Satellite detects solitary waves in space for the first time
Paris, March 9 : Solitary waves that do not change form or lose energy in space, have been detected and explained for the first time thanks to data derived from the satellites of the Cluster constellation.
In theory, these solitary waves, called solitons, propagate endlessly maintaining their shape and form as well as velocity, which means that they do not lose energy with time.
John Scott Russel, who named it a 'wave of translation', first noticed the phenomenon in a water canal in England in 1834.

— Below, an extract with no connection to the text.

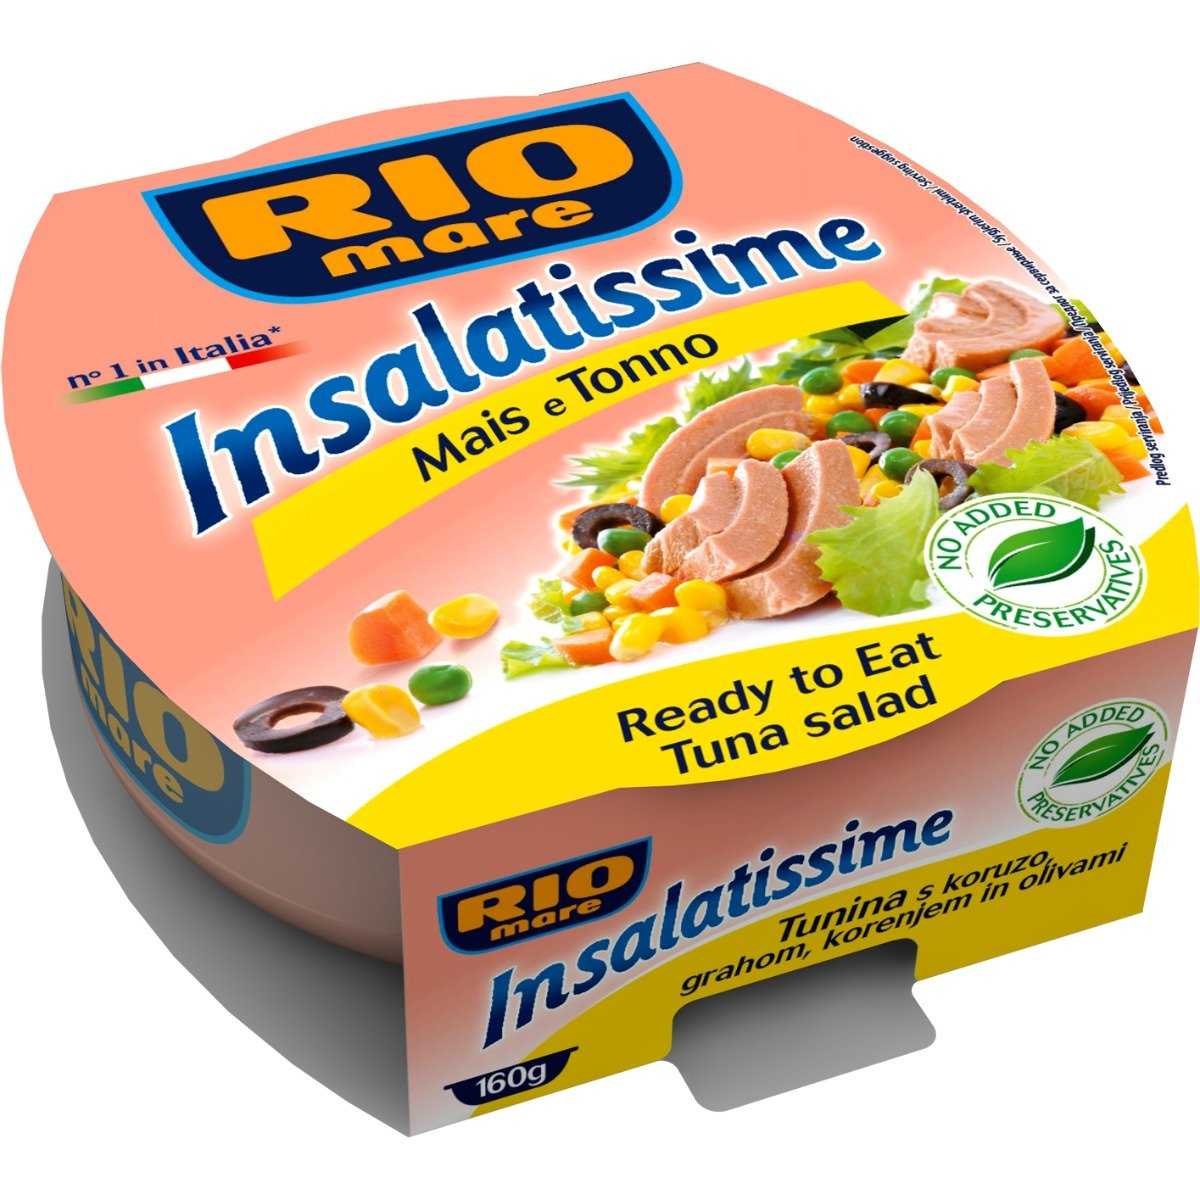 Salata de ton cu porumb Rio Mare, 160 g imagine

In water, solitons can be created when a sudden impulse hits the medium and propagates along it. This is made possible by a delicate balance of physical parameters that reinforces the wave without additional energy input externally.
Today, optic fibres carry large amounts of information over very long distances making use of soliton waves. This provides crystal-clear international phone calls and fast internet connections.
On 30 March 2002, at a distance of 50,000 km from Earth, the satellites of the Cluster constellation detected turbulence in the magnetopause, the outer boundary of the magnetosphere.
Simultaneous measurements by three of the satellites detected a soliton breaking away from the turbulent region towards the magnetosphere. The wave travelled for a long distance and vanished at some point.
"Knowing the positions and separation of the spacecraft at that time, we have found that the wave was 6-7 km in size and moved in towards the magnetosphere at roughly 8 to 9 km/s. We couldn't have done this without multiple spacecraft," said Raoul Trines of the Rutherford Appleton Laboratory, UK, lead author of the study.
The observations performed by the Cluster satellites were found to be in good agreement with computer simulations, confirming earlier theoretical predictions of their existence.
"Thanks to its multiple spacecraft, Cluster has the unique capability to differentiate spatial variations from temporal variations. This makes it the first mission to confirm the theoretical prediction of solitons in space," said Philippe Escoubet, ESA's Cluster and Double Star Project Scientist. (ANI)